AUTHOR=Chida Keigo , Kotani Daisuke , Moriwaki Toshikazu , Fukuoka Shota , Masuishi Toshiki , Takashima Atsuo , Kumekawa Yosuke , Kajiwara Takeshi , Yamazaki Kentaro , Komoda Masato , Makiyama Akitaka , Denda Tadamichi , Hatachi Yukimasa , Suto Takeshi , Sugimoto Naotoshi , Enomoto Masanobu , Ishikawa Toshiaki , Kashiwada Tomomi , Ando Koji , Yuki Satoshi , Okita Yoshihiro , Kusaba Hitoshi , Sakai Daisuke , Okamoto Koichi , Tamura Takao , Yamashita Kimihiro , Gosho Masahiko , Shimada Yasuhiro TITLE=Survival Benefit of Crossover Administration of Regorafenib and Trifluridine/Tipiracil Hydrochloride for Patients With Metastatic Colorectal Cancer: Exploratory Analysis of a Japanese Society for Cancer of the Colon and Rectum Multicenter Observational Study (REGOTAS) JOURNAL=Frontiers in Oncology VOLUME=11 YEAR=2021 URL=https://www.frontiersin.org/journals/oncology/articles/10.3389/fonc.2021.576036 DOI=10.3389/fonc.2021.576036 ISSN=2234-943X ABSTRACT=

Background: The survival benefits of regorafenib (REG) and trifluridine/tipiracil hydrochloride (TFTD) have been demonstrated in chemorefractory patients with metastatic colorectal cancer (mCRC). However, the effects of crossover administration of REG and TFTD on patient survival remain unclear. The present study evaluated the association between exposure to REG and TFTD and overall survival (OS) in patients with mCRC using data from the REGOTAS study.

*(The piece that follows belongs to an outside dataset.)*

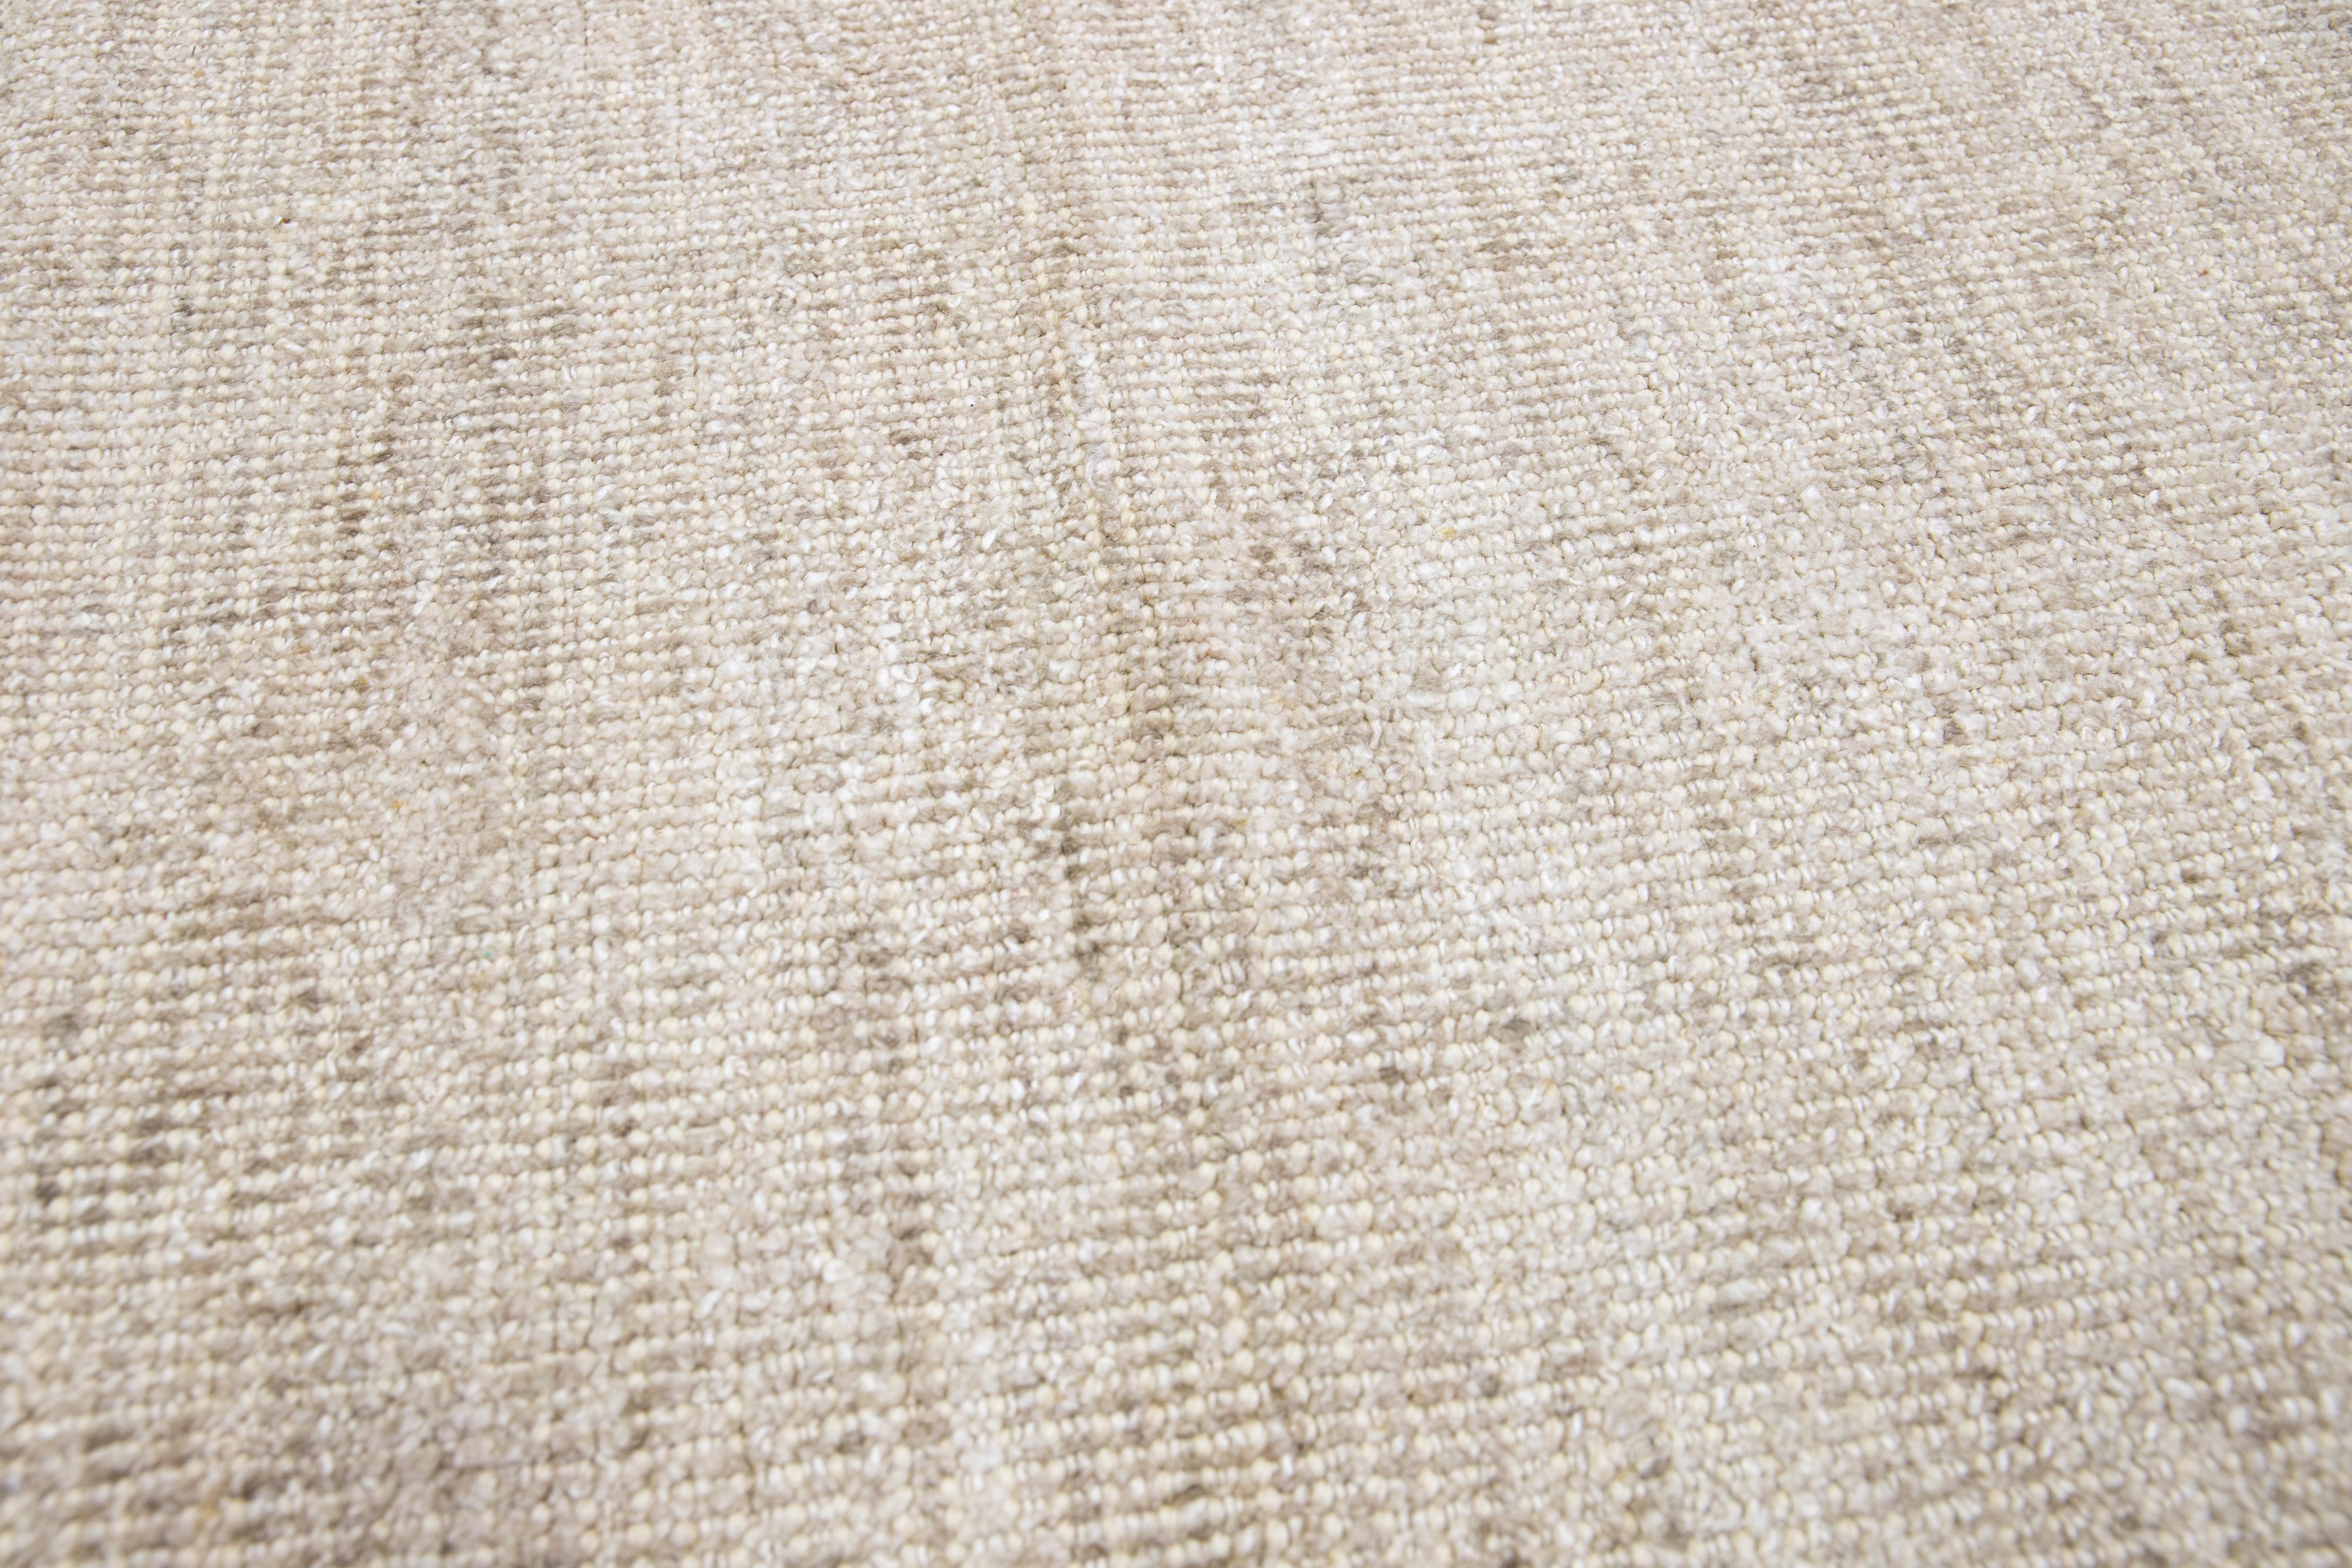 Wunderschöner handgefertigter indischer Rillenteppich aus Bambus und Seide von Square Apadana mit einem beigen Farbfeld. Dieser Teppich aus der Groove Collection hat ein unifarbenes Allover-Muster.

Dieser Teppich misst: 14'11

Patients and Methods: We analyzed patients registered in the REGOTAS study, which retrospectively compared the efficacy and safety of use of REG or TFTD as later-line chemotherapy for chemorefractory mCRC patients. We compared the survival outcomes of cohort A (treated using both REG and TFTD) and cohort B (treated using either REG or TFTD).

Results: A total of 550 patients (cohort A, n = 252; cohort B, n = 298) met the inclusion criteria. The median OS was significantly increased in cohort A compared with cohort B [9.6 months (95% confidence interval (CI), 8.9–10.9 months) vs. 5.2 months (95% CI, 4.4–6.0 months), P < 0.001]. Multivariate analysis revealed that cohort A was independently associated with a significant increase in OS [A vs. B: Hazard ratios (HR), 0.58; 95% CI, 0.47–0.72; P < 0.001]. Subgroup analysis adjusted using multivariate Cox model revealed a consistently better trend in most subgroups for cohort A compared with cohort B.

Conclusions: Our study revealed prolonged survival in patients treated with REG and TFTD. Therefore, all active agents, including REG and TFTD, should be made available to mCRC patients.